> _ACTIVITY_: All of the data, except its images, should be set down exactly as it appears.

> _SUPPLIED DATA_:
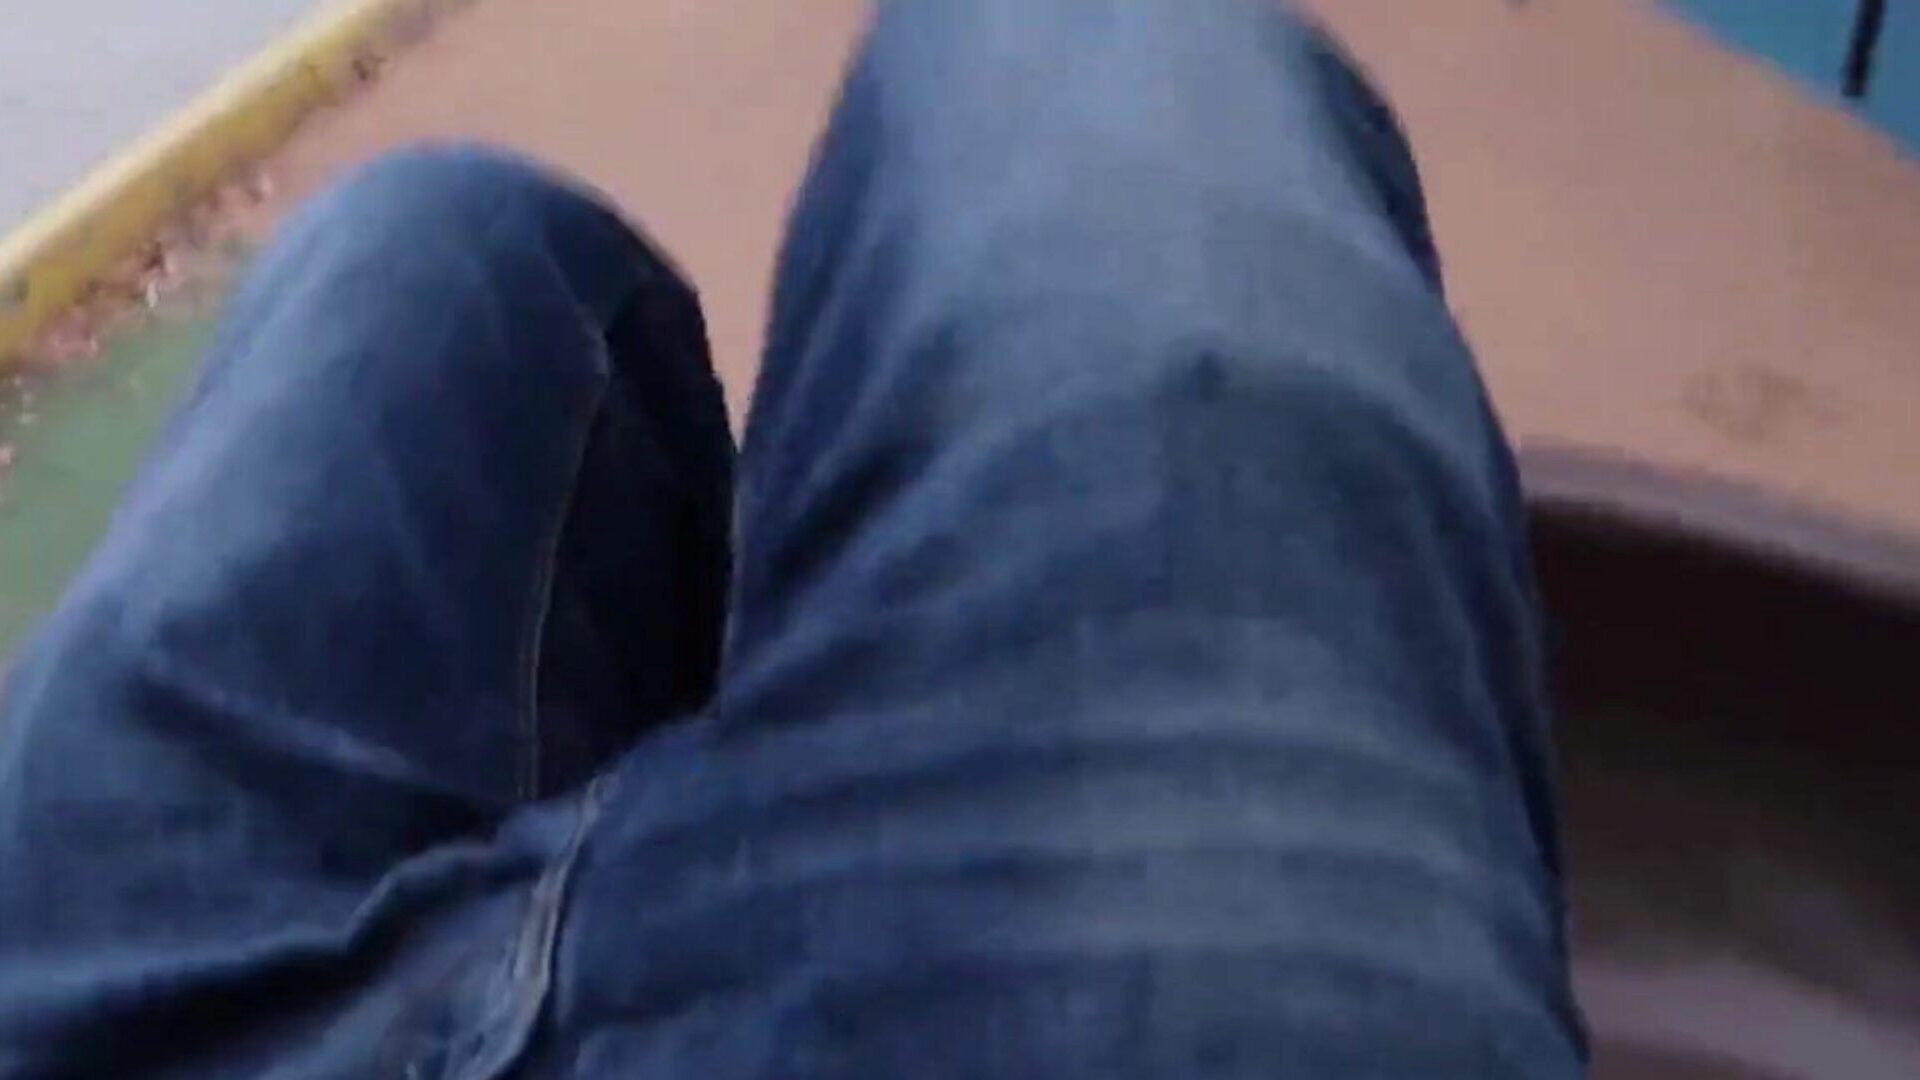 Джонни Гудлак, грудастая Nickey Huntsman скачет на члене на улице в видео от первого лица
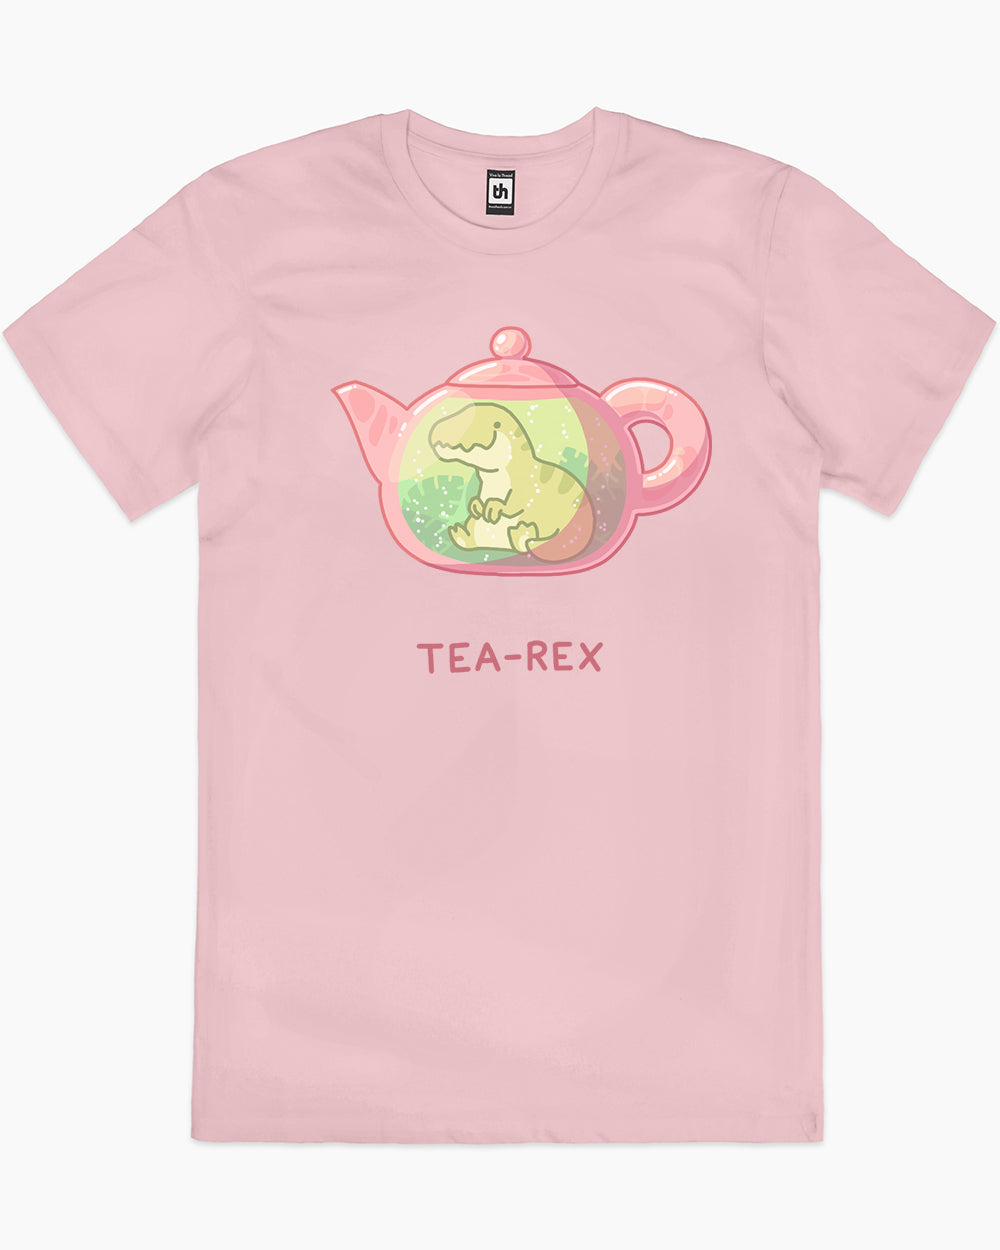 Tea Rex Cute T-Shirt
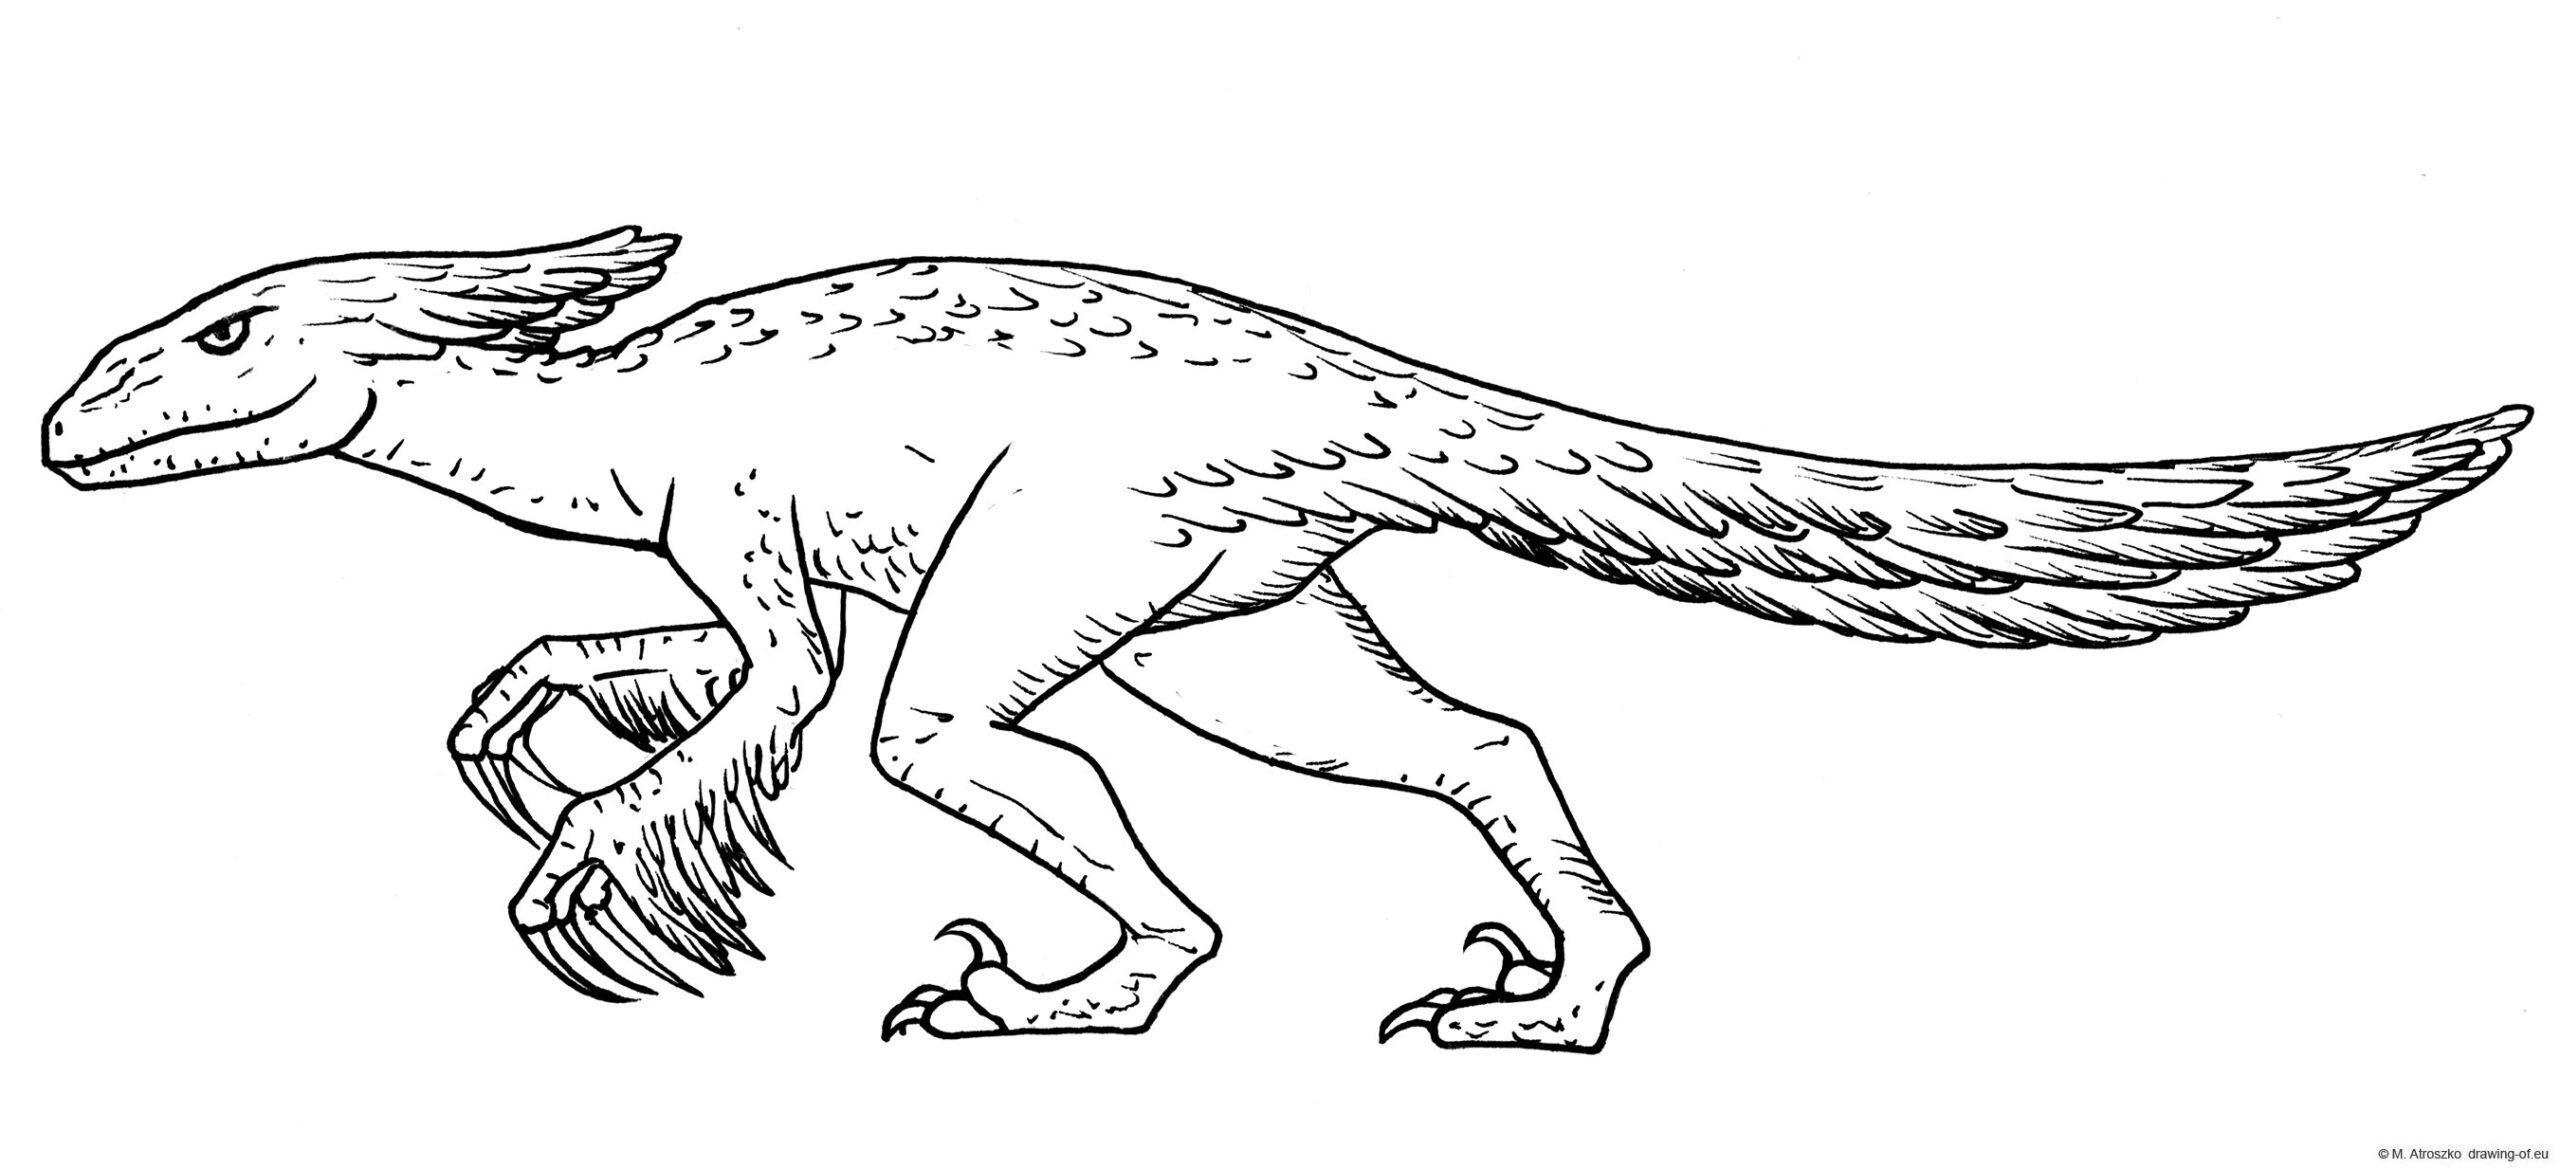 pyroraptor

> _PROBLEM SOLUTION_:
 Джонни Гудлак, грудастая Nickey Huntsman скачет на члене на улице в видео от первого лица
 Tea Rex Cute T-Shirt
 pyroraptor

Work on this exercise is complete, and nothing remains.